**WHAT THE EXERCISE ASKS:** Output only the lines below from the one holding "Origins and Development" down to the one holding "anker-ganprime-multi-device-chargers", both end lines included and every picture dropped.

**DATA FOR THIS TASK:**
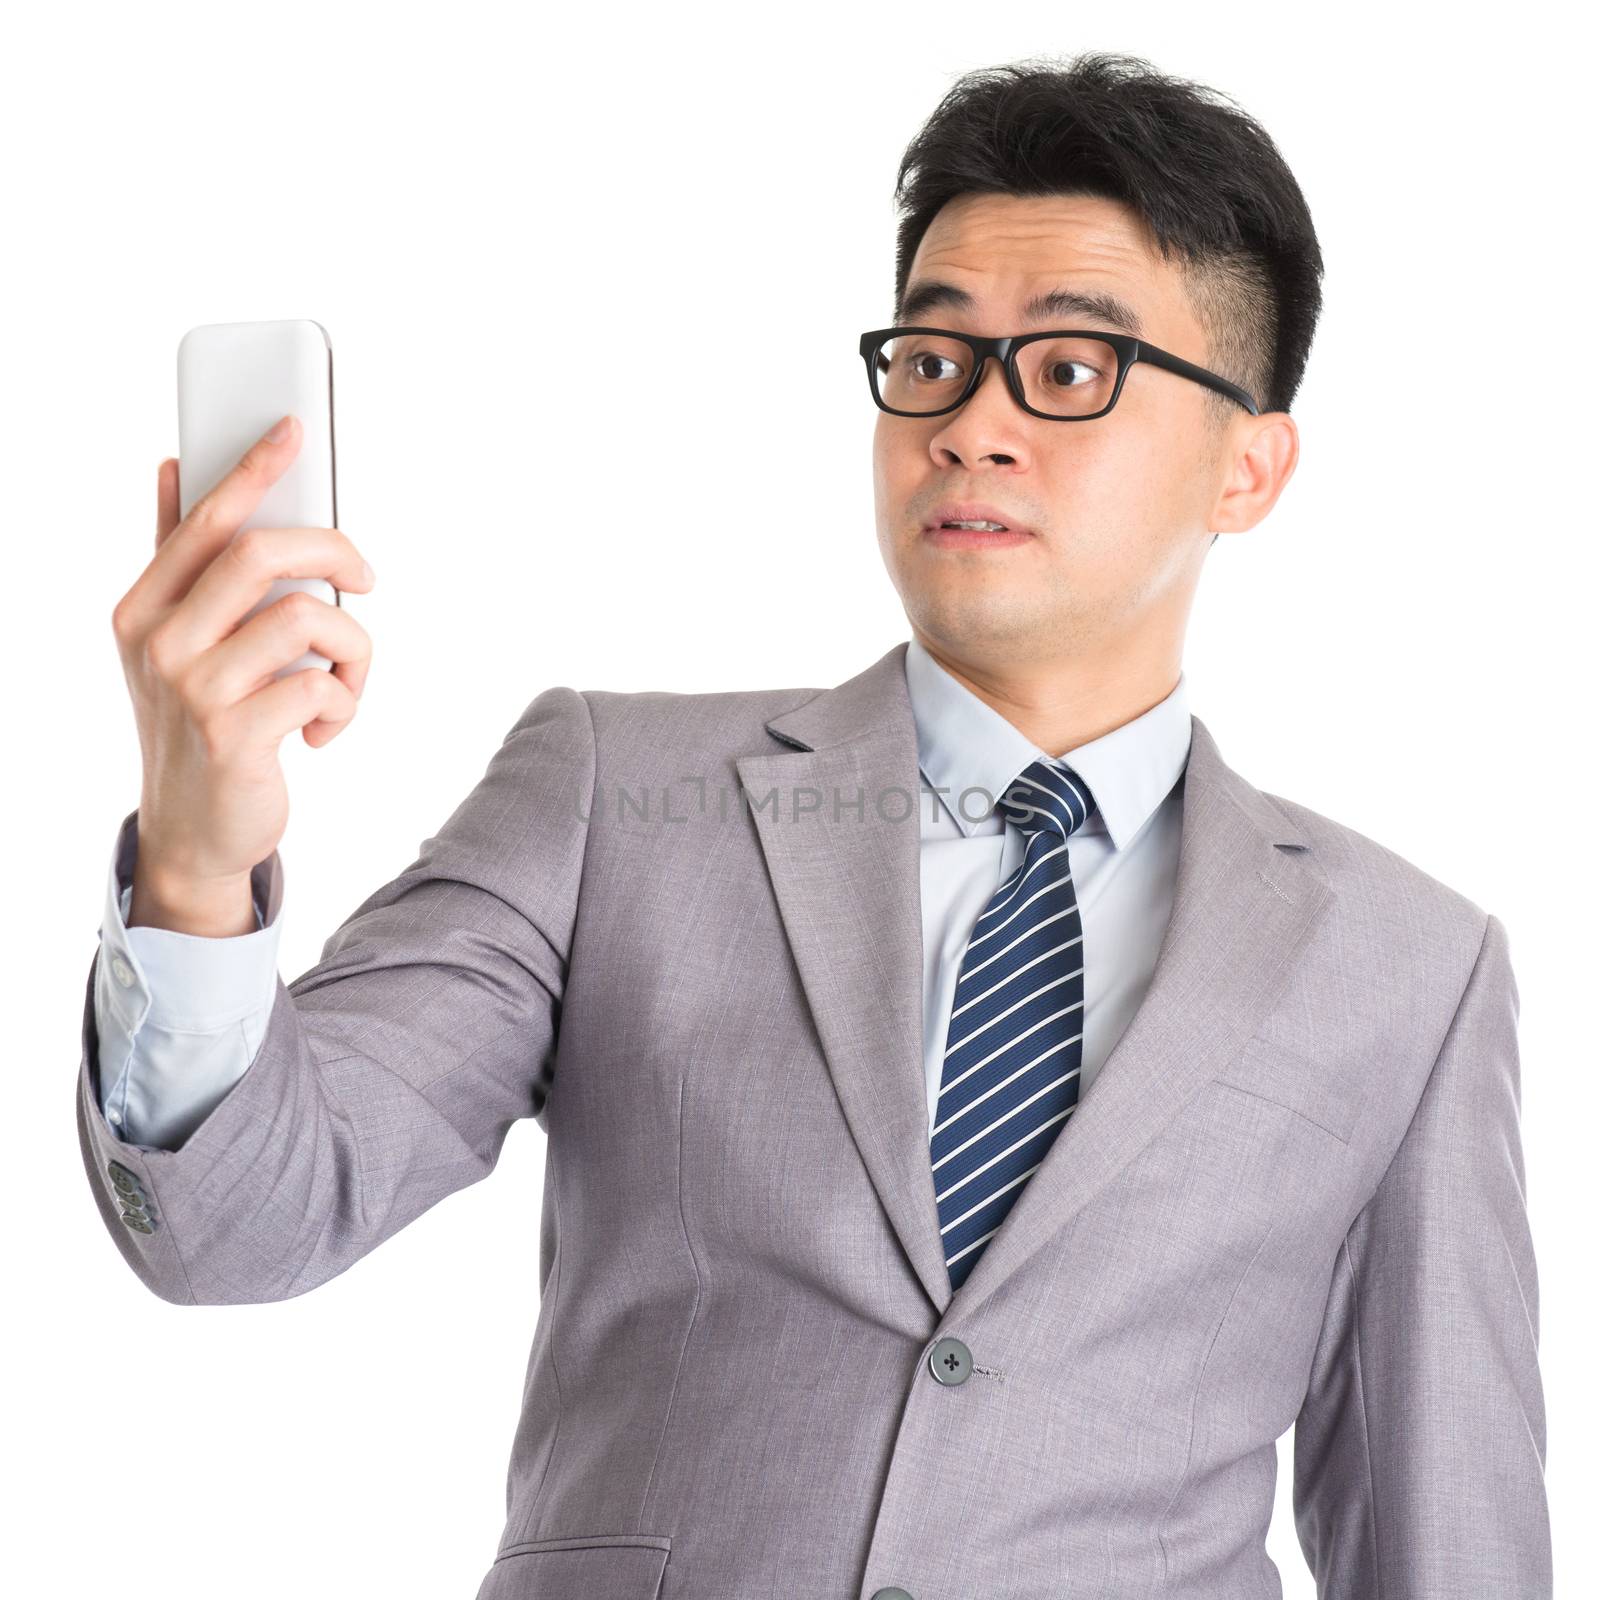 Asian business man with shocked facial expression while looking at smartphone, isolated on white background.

==

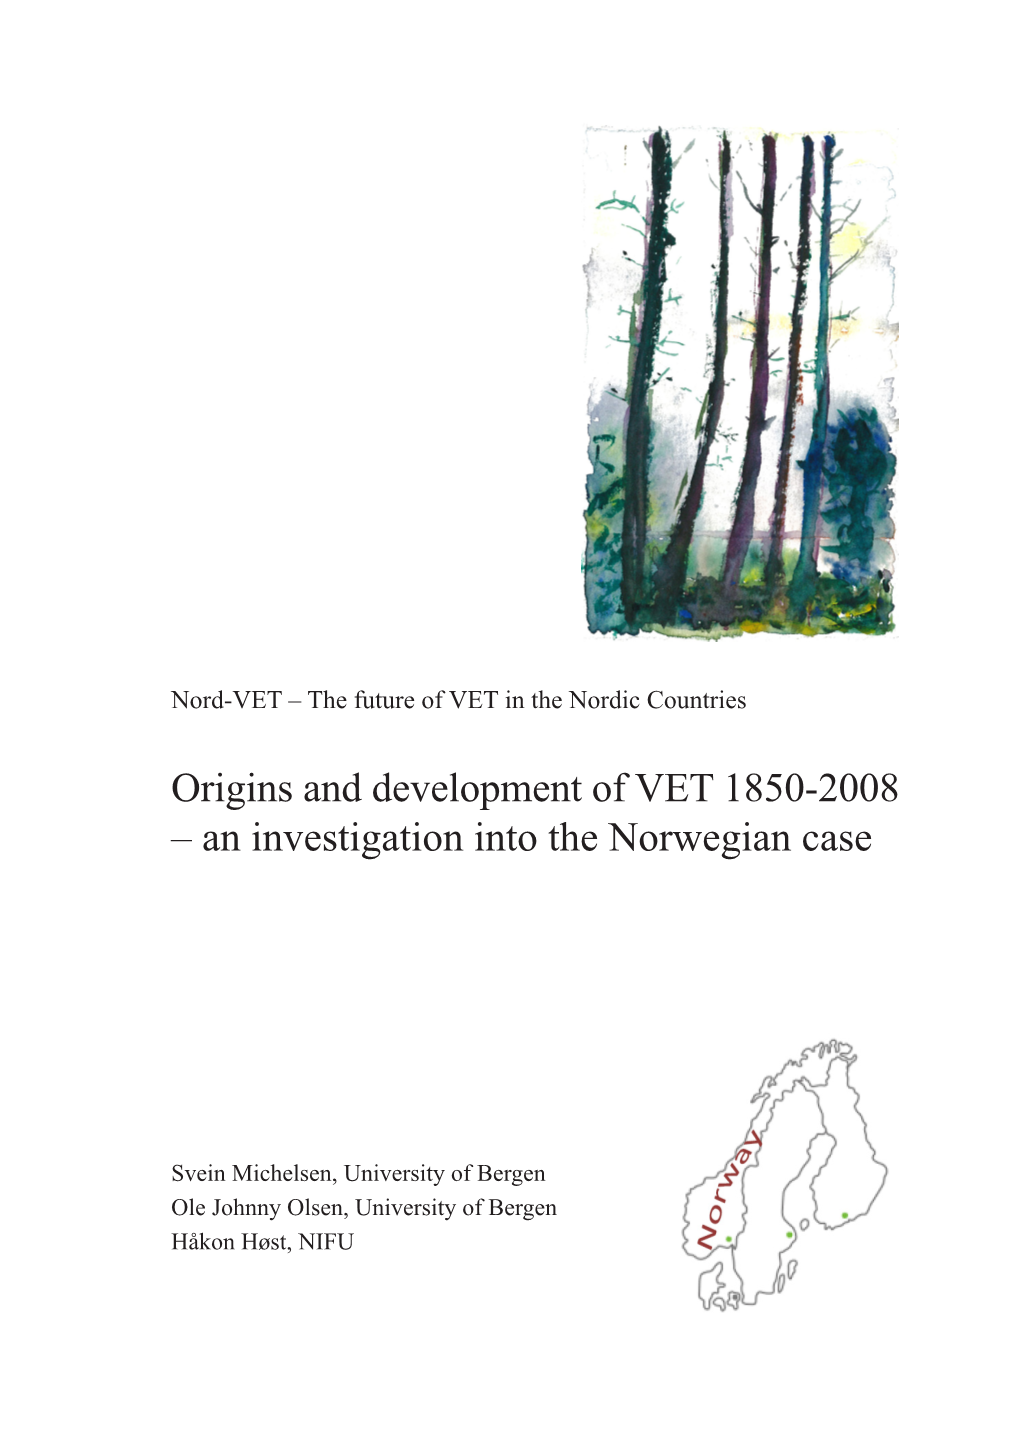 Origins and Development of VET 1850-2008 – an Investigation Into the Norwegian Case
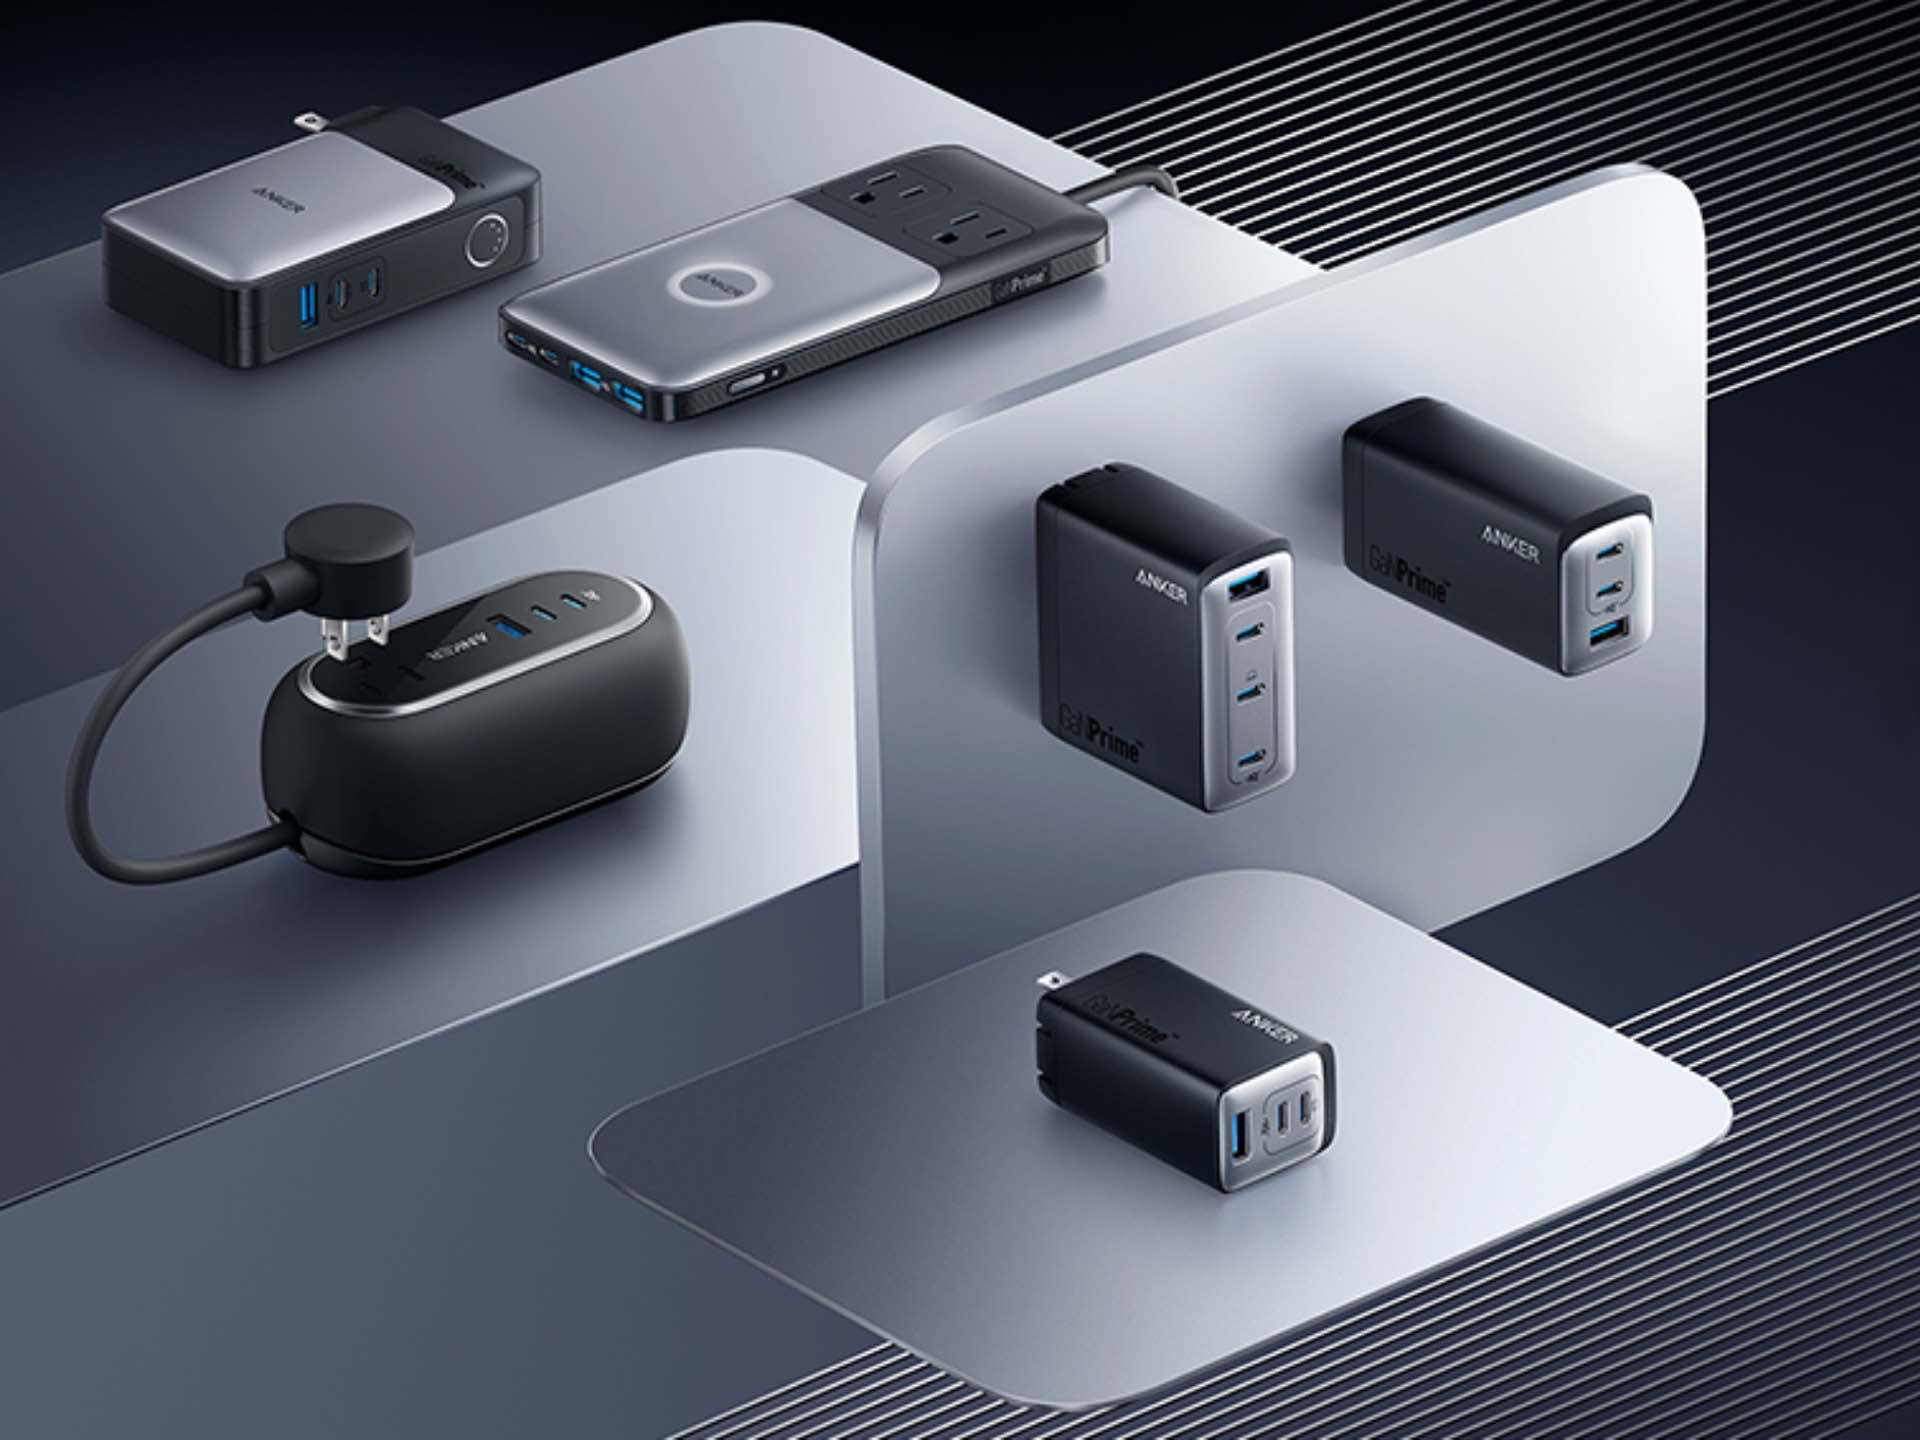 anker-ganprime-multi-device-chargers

* * *

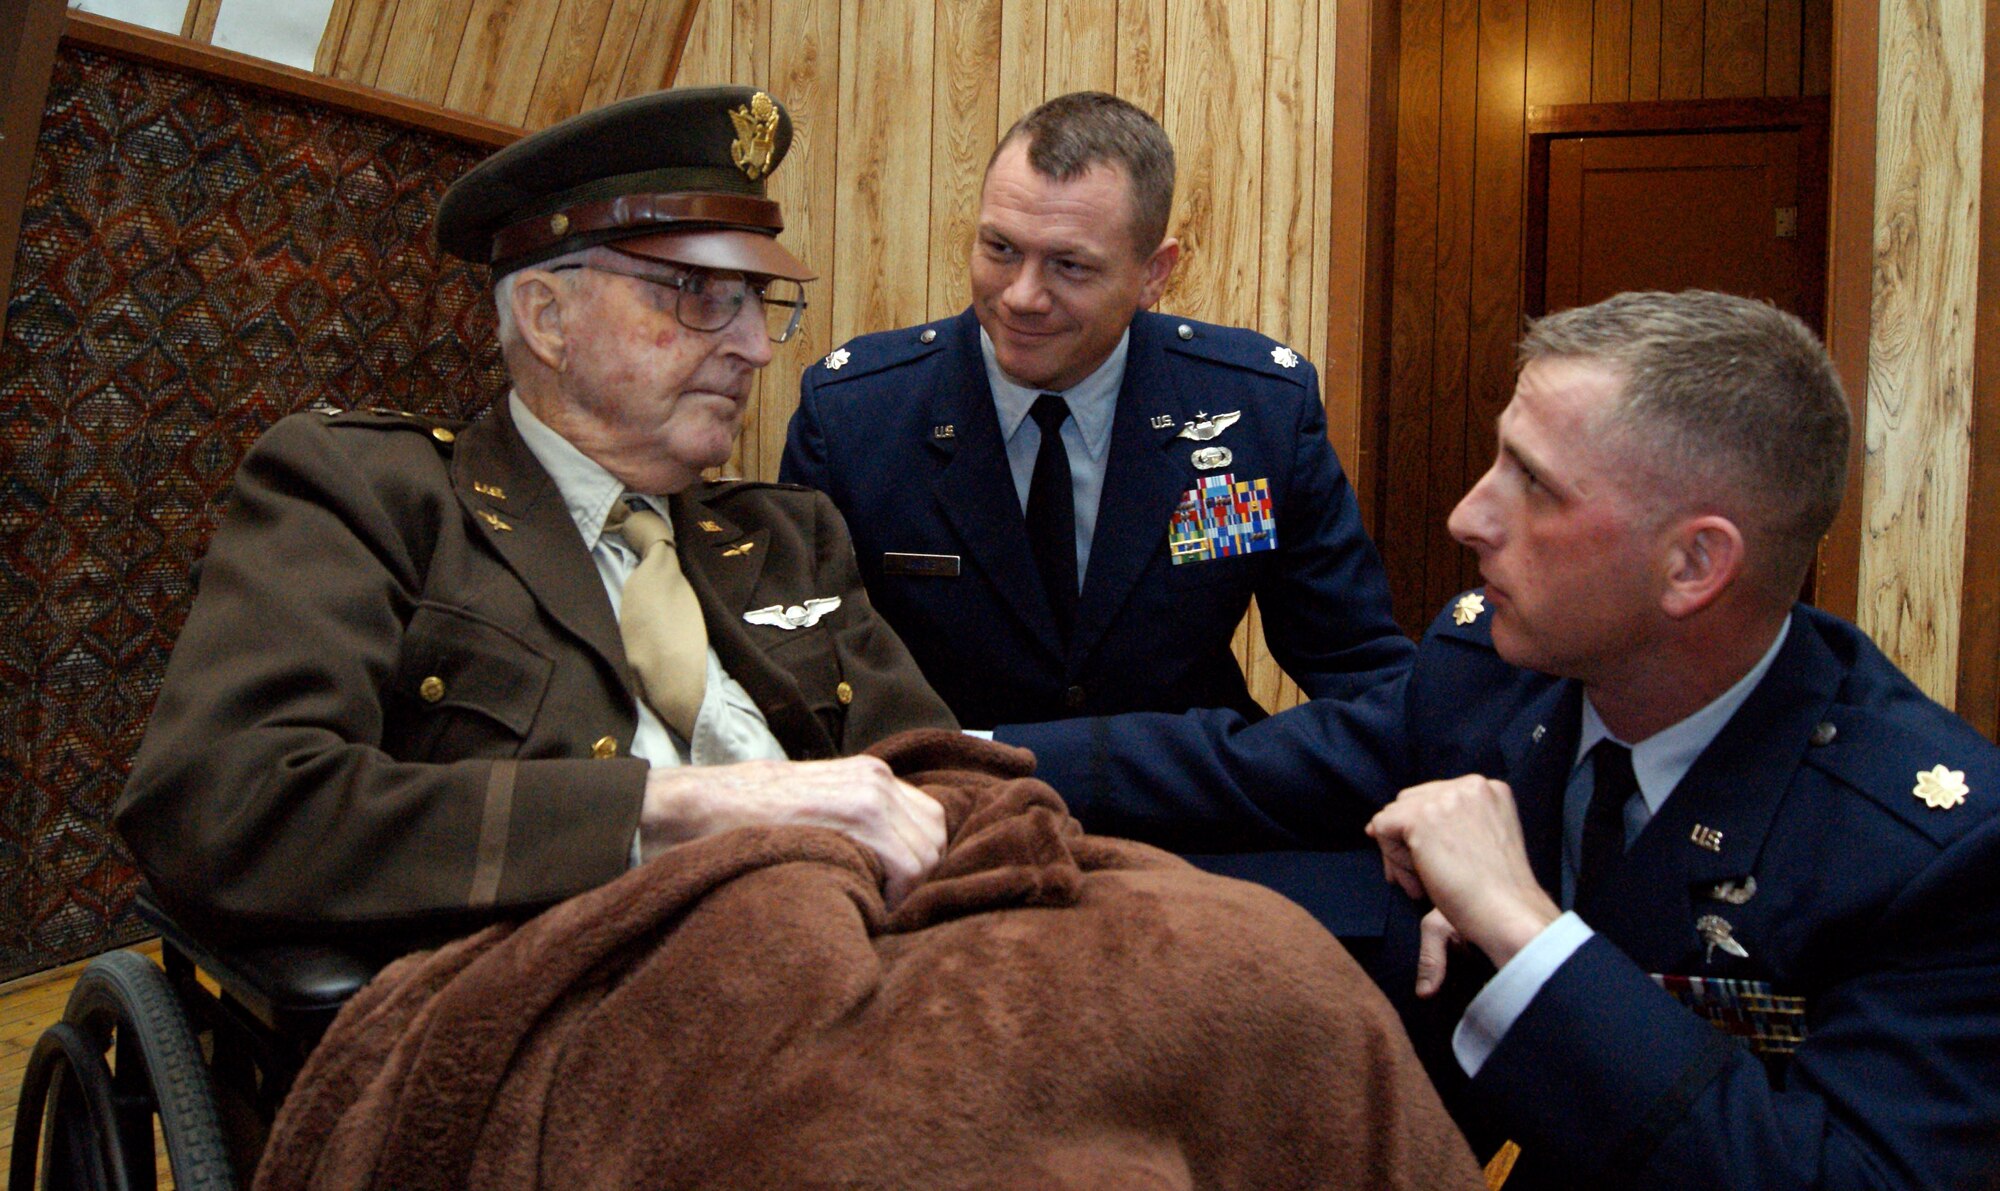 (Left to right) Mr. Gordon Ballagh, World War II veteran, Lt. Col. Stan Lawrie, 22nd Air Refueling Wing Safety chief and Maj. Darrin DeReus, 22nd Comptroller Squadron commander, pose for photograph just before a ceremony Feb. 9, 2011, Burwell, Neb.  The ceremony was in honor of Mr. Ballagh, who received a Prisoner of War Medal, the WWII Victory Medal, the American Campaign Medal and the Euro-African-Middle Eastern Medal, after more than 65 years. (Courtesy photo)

**SOLVED EXERCISE:**
 Origins and Development of VET 1850-2008 – an Investigation Into the Norwegian Case
 anker-ganprime-multi-device-chargers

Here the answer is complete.